In short, the advantages of microservices are:
- Agility – They promote agile ways of working with small teams that deploy frequently.
- Flexible scalability – If a microservice reaches its capacity, new instances of that service can be quickly deployed to the companion cluster to help relieve pressure. We are now multi-tenant and stateless, with clients distributed across multiple instances. We can now support much larger instances.
- Continuous deployment – We now have frequent and faster release cycles. We used to release updates once a week, now we can do it two or three times a day.
- High maintainability and testability – Teams can experiment with new features and go back if something doesn’t work. This makes it easier to update the code and accelerates the time-to-market of new features. In addition, it is easy to isolate and fix errors and bugs in individual services.
- Independently deployable – Because microservices are individual units, they enable quick and easy independent deployment of individual features.

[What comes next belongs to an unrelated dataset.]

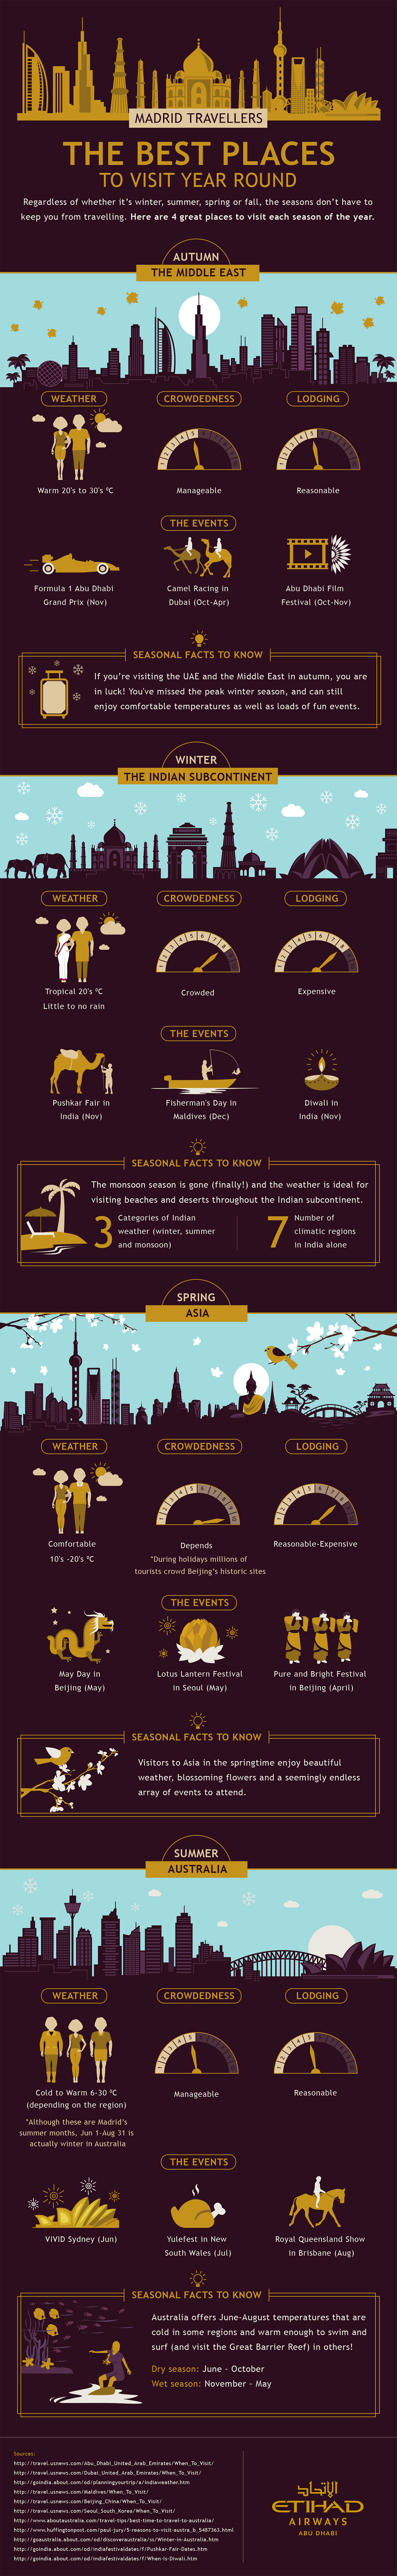 INFOGRAPHIC | MADRID TRAVELLERS – THE BEST PLACES TO VISIT YEAR ROUND

- Technology flexibility – Microservice architectures allow teams to freely choose the tools they want.
- High Reliability – Changes can be deployed for a specific service, without risking crashing the entire application.
Disadvantages of microservices
As you move from a limited number of monolithic codebases to an increasing number of distributed systems and services that support your products, unexpected complexity emerges. Initially, it is difficult to add new functionality with the same efficiency and security as in the past. Adoption of microservices can lead to additional complexity that can result in the scattering of development efforts or fast, uncontrolled growth. Clearly identifying how various components interact with each other, who is responsible for a particular software component, and how to avoid interference with dependent components can present complex challenges.
Disadvantages of microservices may include:
- Diffuse development – Microservices add more complexity than a monolith architecture because there are multiple services at multiple points created by multiple teams. If development sprawl is not properly managed, development speed slows and operational performance is poor.
- Exponential infrastructure costs – Each new microservice can have its own cost for test suites, deployment playbooks, hosting infrastructure, monitoring tools and more.
- Additional organizational costs – Teams must add an extra layer of communication and collaboration to coordinate updates and interfaces.
- Debugging issues – Each microservice has its own set of logs, which makes debugging more complicated. In addition, a single business process may run on multiple machines, further complicating debugging.
- Lack of standardization – Without a common platform, there can be a proliferation of languages, logging and monitoring standards.
- Lack of clear ownership – As more services are introduced, the number of teams managing them also increases. Over time, it becomes difficult to know what services are available that a team can leverage and who to contact for support.